Первый факт, с которым человек сталкивается в этом современном мире, после лица своей матери, — это машина. В тот момент, когда он начинает мыслить вовне, он мыслит в сторону машины. Кровать, на которой он лежит, была распилена и обстругана машиной или отлита в литейном цехе. Окна, в которые он смотрит, были построены на фабриках. Его нож и вилка были сделаны с помощью пара. Его пища прошла через ролики и колеса. Вода, которую он пьет, перекачивается к нему двигателями. Лед в ней был заморожен фабрикой, а ткань одежды, которую он носит, была сострочена ткацкими станками.

Машина не заканчивается здесь. Когда он достигает возраста рассудительности и оглядывается вокруг, чтобы выбрать место для себя в жизни, он обнаруживает, что это место должно прийти к нему из машины. Рядом с машиной того или иного рода, будь то стальные стержни и колеса или души человеческих существ, он должен найти свое место в великой вращающейся системе порядка смертных жизней, и где-то в системе — то есть в Машине — быть храповиком, ведущим колесом, ремнем или шпинделем под бесконечным пространством, предназначенным для него от начала мира.

В тот момент, когда он начинает мыслить, человек обнаруживает, что стоит перед чем-то огромным, безмолвным, сине-золотым, называемым вселенной, главным фактом которой для него должно быть то, что она, кажется, прекрасно обходится без него, и что он должен занять место, которое достанется, каким бы оно ни было, и держаться за него, если дорожит своей душой, иначе навсегда останется позади.
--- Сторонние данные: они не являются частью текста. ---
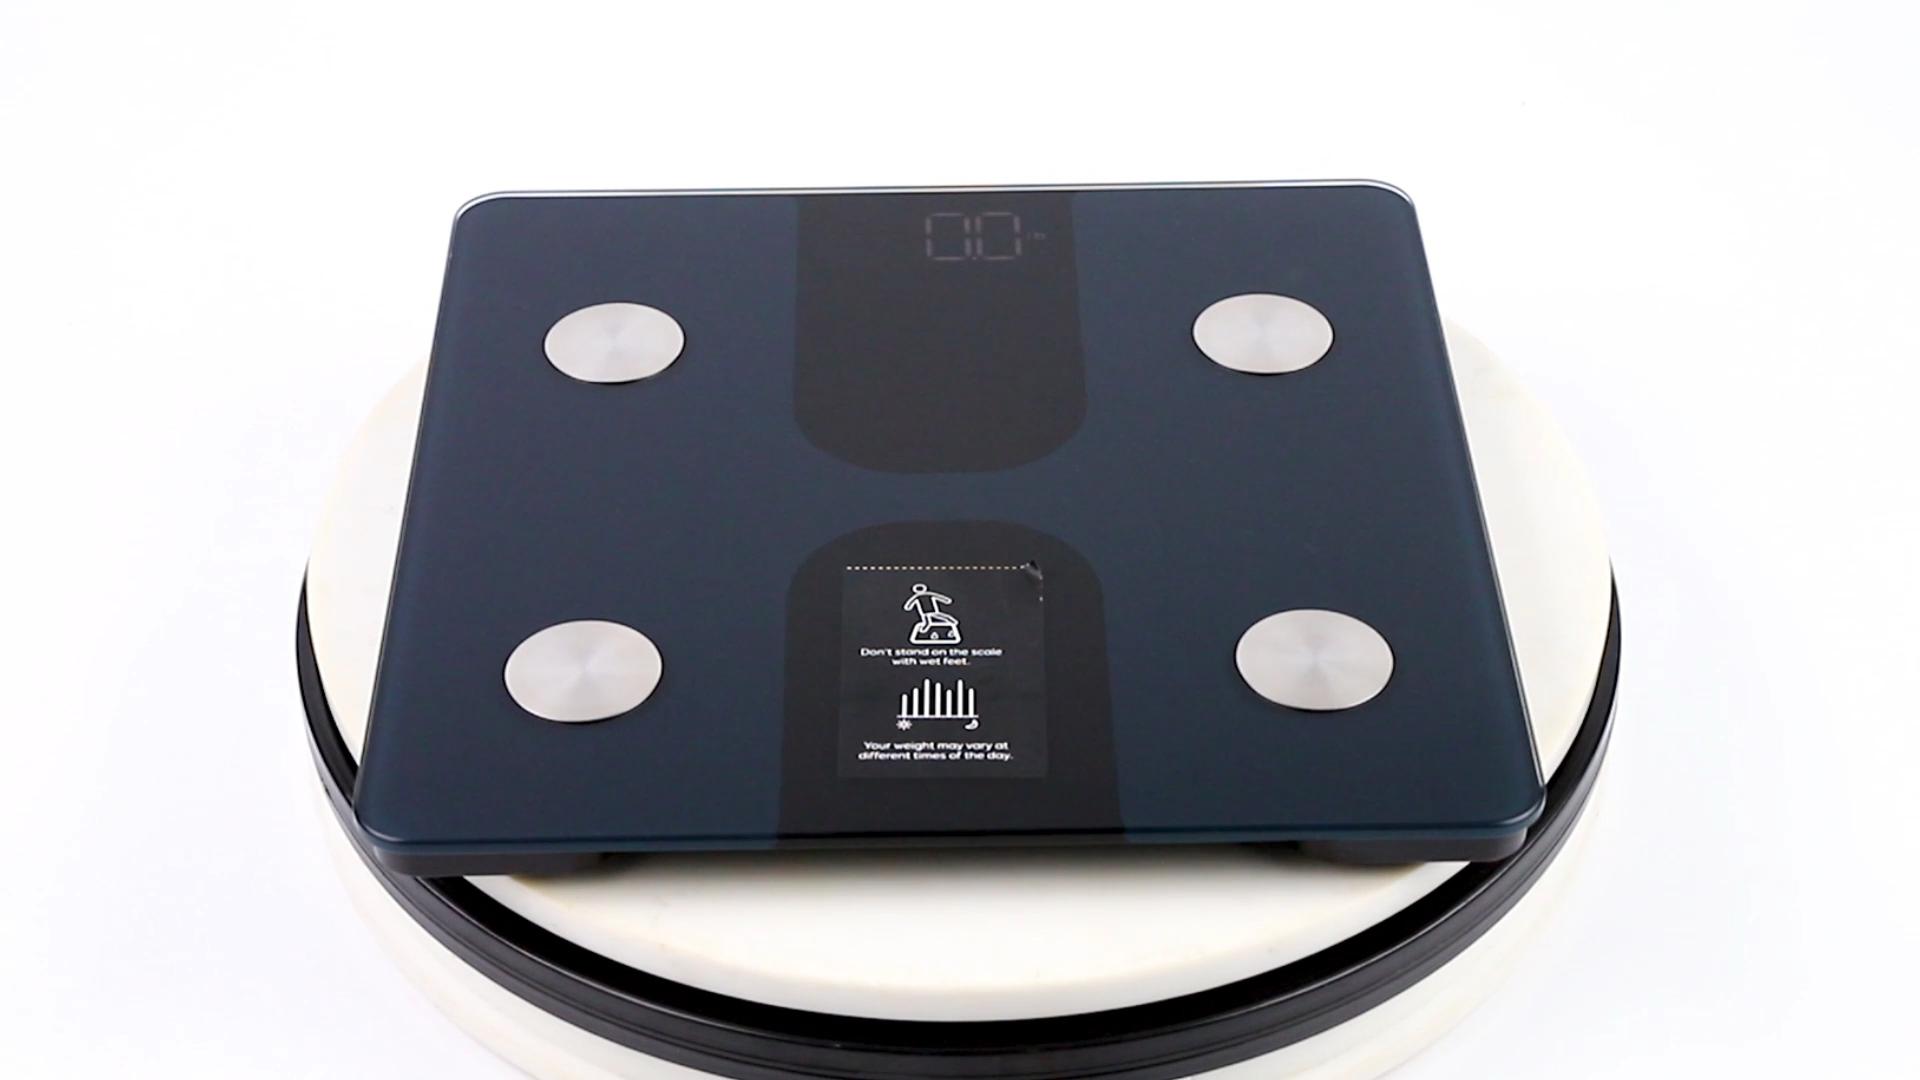 אלקטרוני LED תצוגת 180kg סולם אמבטיה app גוף שומן במשקל מנתח דיגיטלי משקל סולם

Через несколько лет он узнает, что эта огромная мастерская земного шара, торжественно вращающая свои дни и ночи, где он блуждал всю жизнь, вряд ли будет склонна остановиться — чтобы подождать, возможно, — чтобы спросить его, кем он хочет быть или как эта его жизнь должна быть выражена. Он смотрит в Лик обстоятельств. (Иногда это Кулак обстоятельств.) Лик обстоятельств — это безмолвный лик. Он указывает на машину. Он смотрит в лица своих собратьев, спешащих мимо него день и ночь, — мили улиц их. Они тоже смотрели в Лик обстоятельств. Он указал на Машину. Они показывают это на своих лицах. Некоторые из них показывают это своей походкой. Машина смыкается вокруг него со своим огромным настойчивым гулом, многомиллионным и полным смеха и плача. Он слушает его, как рев всего Сущего.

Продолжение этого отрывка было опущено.